Exercise: In the entries below, begin at the line with "プライム 3色ボールペン 0.5mmの名入れ範囲" and stop after the line with "Кругозор, газета. 2015 №2 стр.20"; output those lines exactly and omit the pictures.

Records to use:
______

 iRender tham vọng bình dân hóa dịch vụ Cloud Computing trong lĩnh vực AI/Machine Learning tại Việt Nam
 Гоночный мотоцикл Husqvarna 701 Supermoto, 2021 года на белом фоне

______

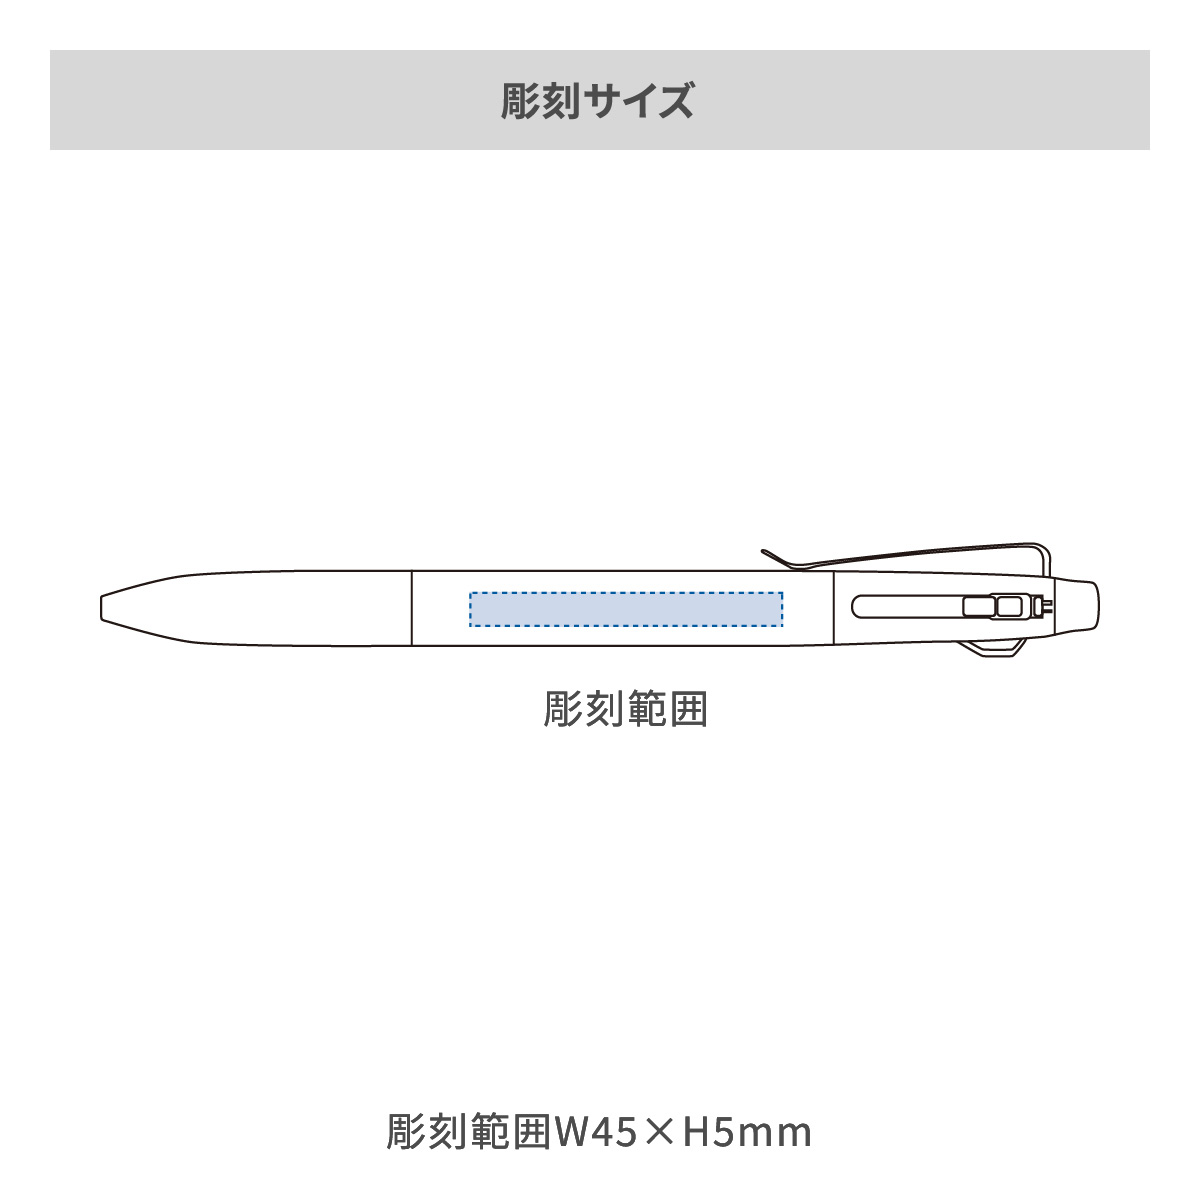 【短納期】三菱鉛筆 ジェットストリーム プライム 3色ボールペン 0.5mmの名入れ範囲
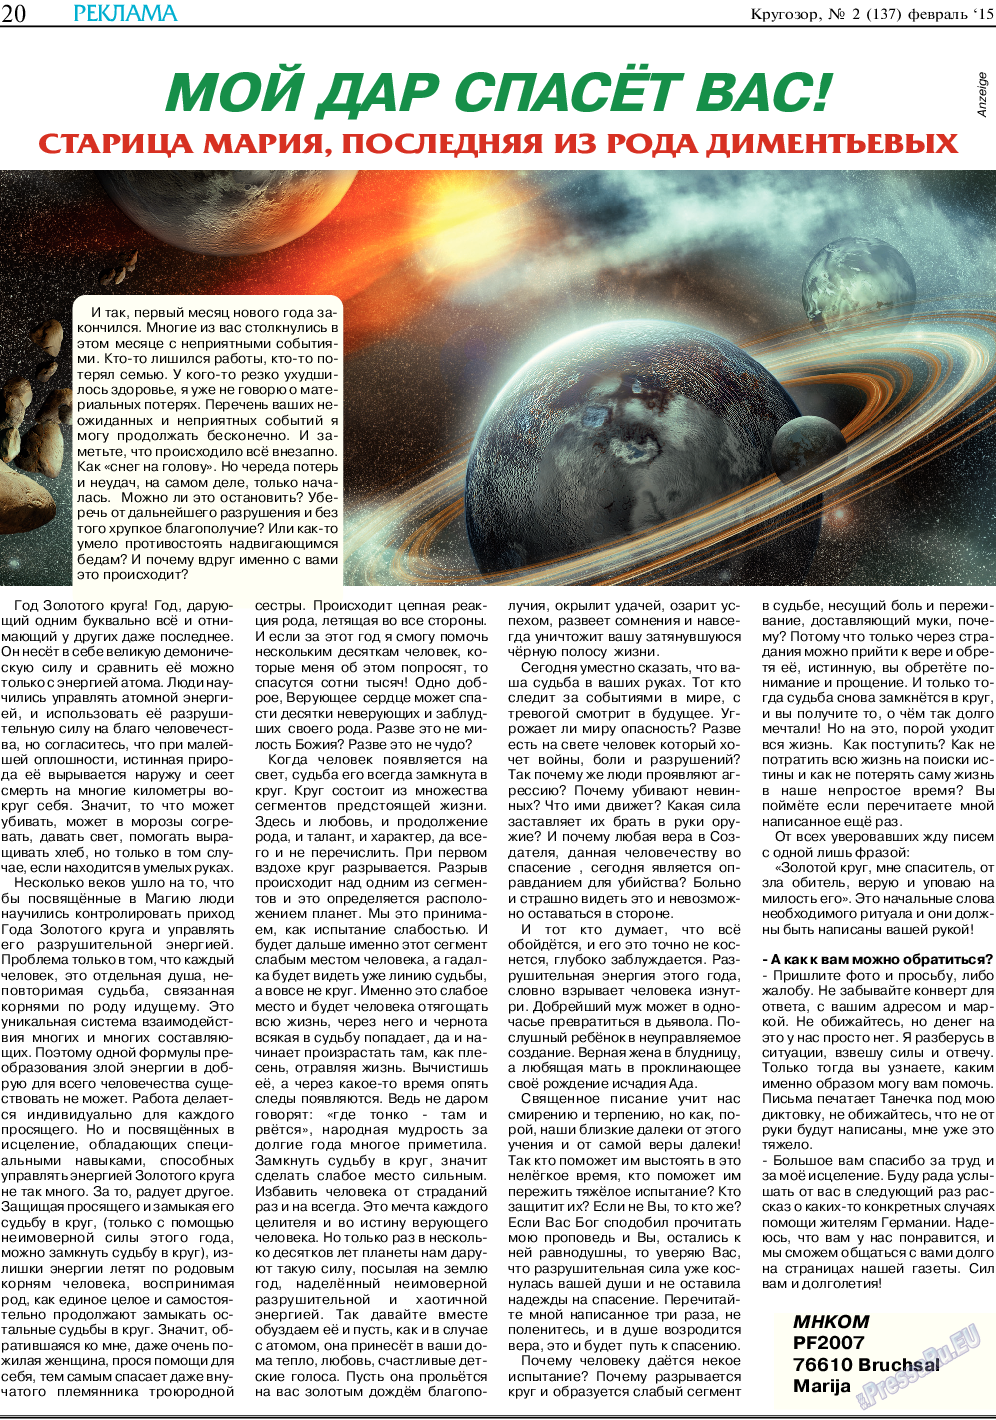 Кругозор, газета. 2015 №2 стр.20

______

Solution to this task:
 【短納期】三菱鉛筆 ジェットストリーム プライム 3色ボールペン 0.5mmの名入れ範囲
 Кругозор, газета. 2015 №2 стр.20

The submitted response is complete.